# Remove Heat Press Vinyl?



## FAR Clothing Co

I have a Jersey that I put my name and number on, but I have learned a few things since then. My question is: Is there a way to remove heat vinyl? Just have 1 to do. Thanks, PC


----------



## joeshaul

I read a method on these forums where if you place a sheet of regular paper over the shirt and press for the same time as your heat transfer vinyl, then peel hot, you can gradually remove it. I have not tried it myself, but I've heard from other members that it worked, but took a few presses. I wish I could find the original link that mentioned it, but not seeing it offhand. 

Other methods that I've read have involved a heat gun, or using acetone, but both may damage the garment, so I'd try this method first. A former forum member used to produce a product called t-saver that helped remove vinyl and transfer material from garments, but I am unsure if his product is still being made as he has passed away.


----------



## Progeny

There are a few places in the UK that do a removal spray, xpres do one and ja-int do one called superspray, I've seen others but not sure where.

I know this does not help you in USA but they might ship out there or tell you where you can get it.


----------



## FAR Clothing Co

I found a few threads... looks like heat gun or even the heat press.. Get it hot and start peelin' -PC


----------



## vctradingcubao

FAR Clothing Co said:


> I found a few threads... looks like heat gun or even the heat press.. Get it hot and start peelin' -PC


 Did you use the ordinary paper procedure? How was it on vinyl flex? I have only tried that on opaque transfer paper and wonder if it will also work on vinyl flex. Thanks.


----------



## Lnfortun

I was the one who posted the plain paper technique. The method is a cheap way of removing the opaque material but it leaves the adhesive on the fabric. It is good if the new opaque will cover the adhesive entirely. Heat gun can damage the fabric.

Here is a link of vinyl remover: Vinyl Removers and Adhesive Removers for removing vinyl graphic film materials

Stahls product is the one I used and it worked. It does not damage the fabric. The adhesive melts. It does not leave any trace.


----------



## cookiesa

Luis I too have used this on the Stahls product and it worked a treat, as you said though, especially on dark fabrics it does leave a mark, something to consider when placing the next design on it.


----------



## KirstWhite

I use Specialty Materials vinyl and this solvent (or one similar to it) works just great. Very easy to do and no residue of any type is left on the garment. I purchased mine through Wellington House in Portland, OR.


----------



## Girlzndollz

I would also recommend the Tsaver product for this. It is made to remove shirt vinyl from garments. From the site, it looks like it is still available for purchase:

Order T-Saver


----------



## shutterbug

Saw this from a couple of years ago and thought I'd share, since everyone has such good information for me most of the time when I need help!

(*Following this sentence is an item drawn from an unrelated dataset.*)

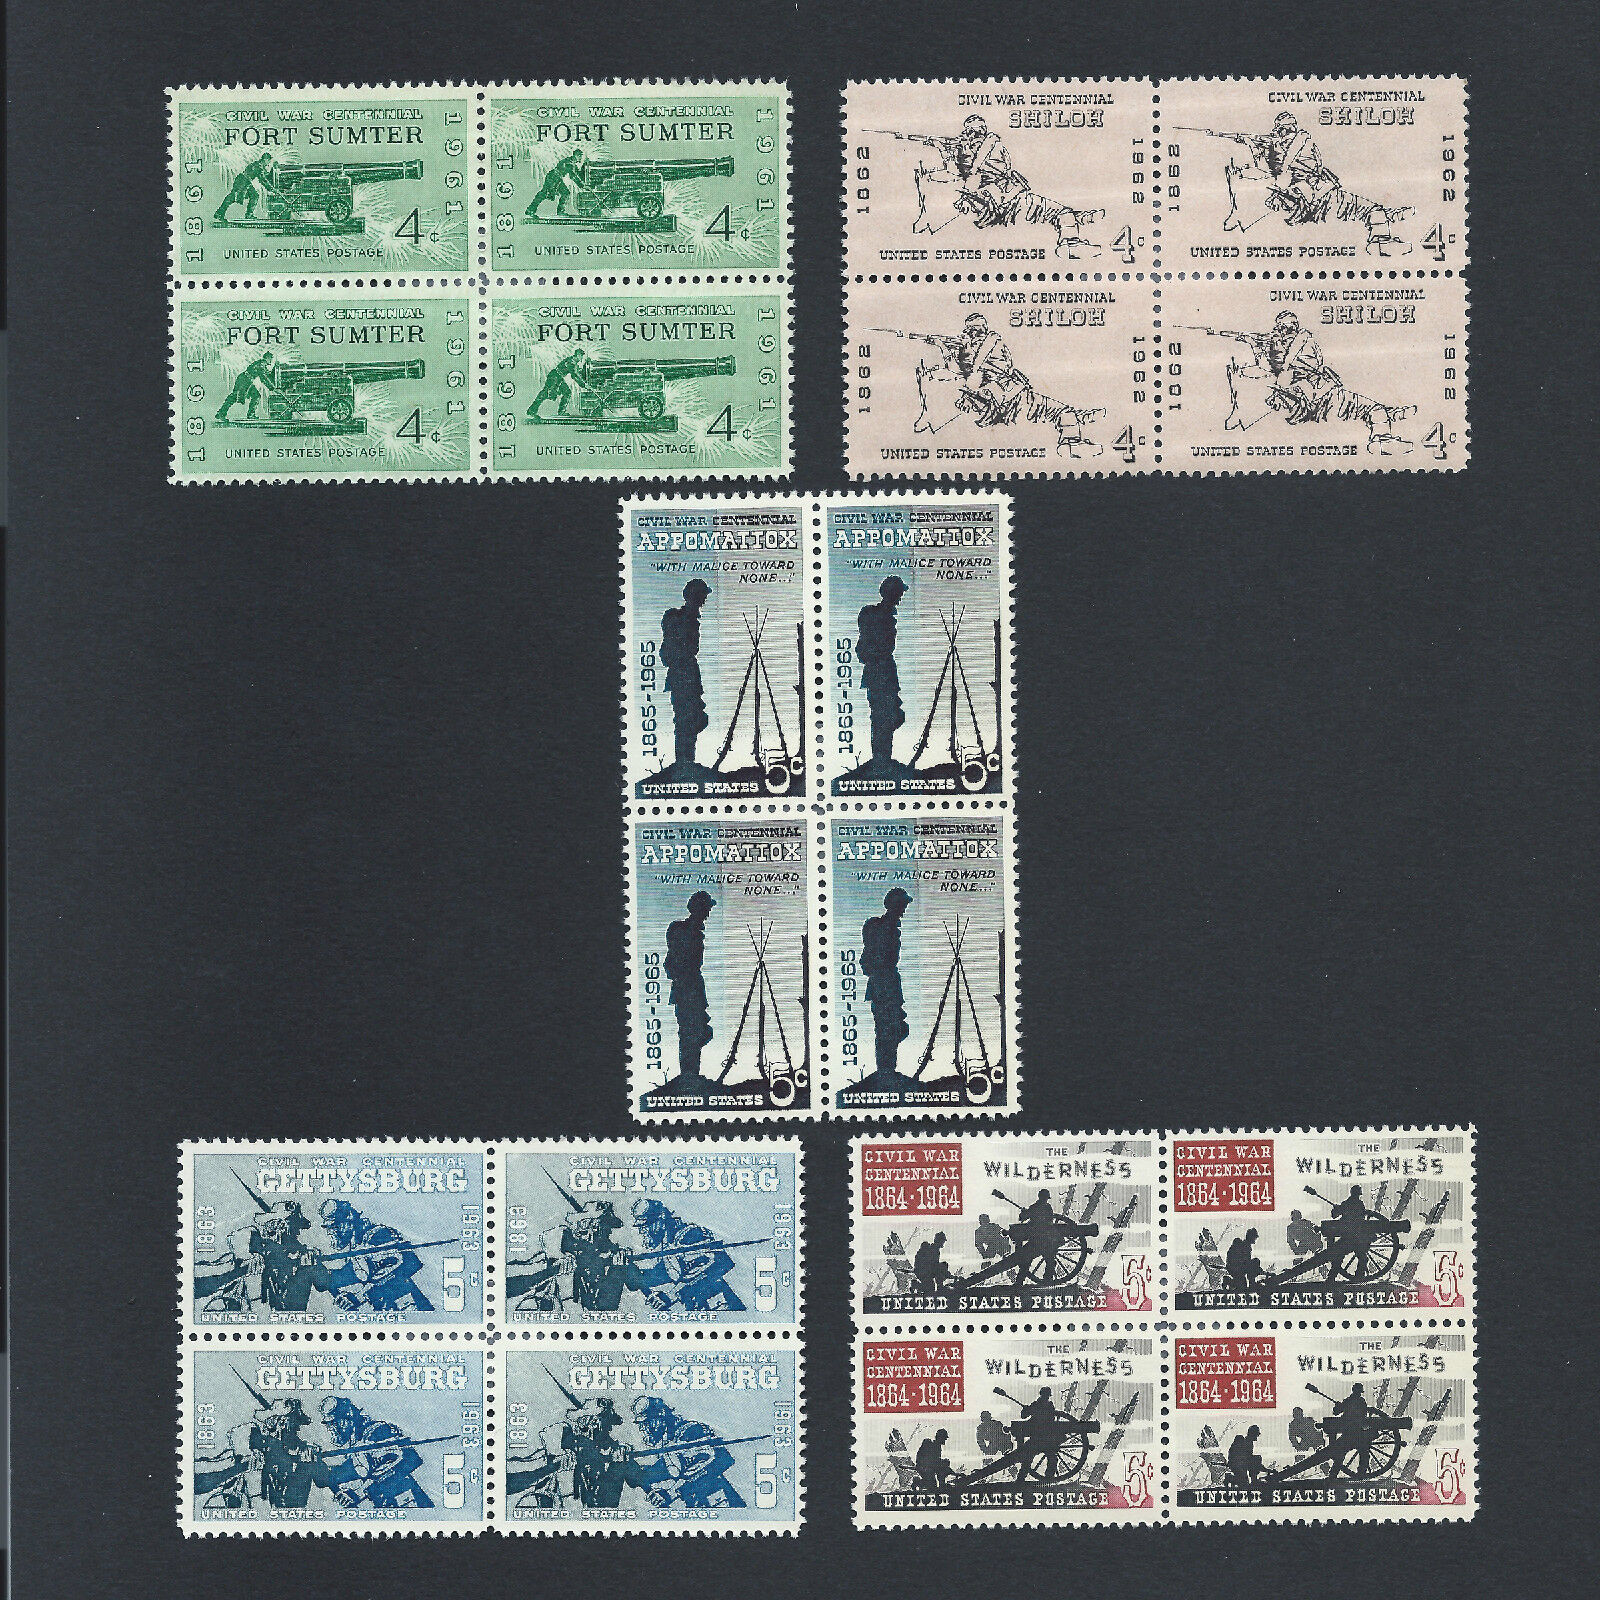 Vintage Mint Sets of 5 Civil War Centennial Stamps Over 61 Years Old L@@K

The man I used to work for is the one that taught me this. Apparently he tried it on vinyl and it worked. When he retired and closed, I opened my own shop and this is what works for me to remove vinyl. Keep in mind it is a little pricey to start, but it is a tool that will last forever.

(It also works for screen printing ink)

the gun is called a "goof gun". It plugs into a regular elect. outlet. (it may also be called a spot cleaning gun)
The liquid is called "TexOut" it is a "cured plastisol remover".

The gun runs $59 and the TexOut runs $20 (through Graphic Solutions Group. (Graphic Solutions Group). Offices in Dallas, Houston, Tulsa, and Ok City.

I spray directly on the vinyl I want to remove. It is a high pressure spray and it will hurt you if you spray it directly on yourself, so I recommend a towel or something under the item you are removing. High pressure spray the vinyl and watch it begin to peel up. I would almost say it melts it, but it stays cold like acetone. It doesn't take much but it does work!!! You can also use it in small areas without the gun if you have patience to use q-tips etc and apply it enough to "soak through" the vinyl until it releases from the shirt.

after you get the vinyl off, you may see a "white" residue that almost looks like it faded the shirt or discolored it. Just set it under your heat press for several seconds and it goes away. The texout will not harm the apparel, nor the person wearing it. I have removed names and numbers from baseball jerseys from local competition that put the wrong things on the wrong shirt right before a game, and they didn't have any allergic reactions at all. 

It leaves no tackiness or glue residue at all. I tried it on a DTG shirt that I printed, and it didn't work after curing-- it might have if I didn't heat set it first. 

It did not work very well on transferred apparel. (for me)

I hope this is useful to everyone looking to find ways to remove vinyl from shirts/apparel. Feel free to contact me with further questions. 

I didn't post this to advertise for Graphics Solutions, but it's the only place I deal with the most, and I got mine from them....don't even know anyone else that might carry the TexOut.... 

Happy Heat Transfer!!

Kim


----------



## MariesTees

I have a question does any one know what would get off the glitter flake from a tee? would it be the same vinyl remover that is used on other vinyl thanks


----------



## Lnfortun

MariesTees said:


> I have a question does any one know what would get off the glitter flake from a tee? would it be the same vinyl remover that is used on other vinyl thanks


You can use acetone. You can buy it from Walgreens or Menards.


----------



## mamag

Heat Transfer Warehouse also sells a product called 'Vinyl Letter Remover' --- I've used it and it works well. However, the larger the design and the darker the garment, there could be residue leftover. I think it's relatively inexpensive (< $20).

Good luck!

Lisa


----------



## Chopper

After using one of these solvents, do you need to wash the garment before reapplying a new piece of vinyl?


----------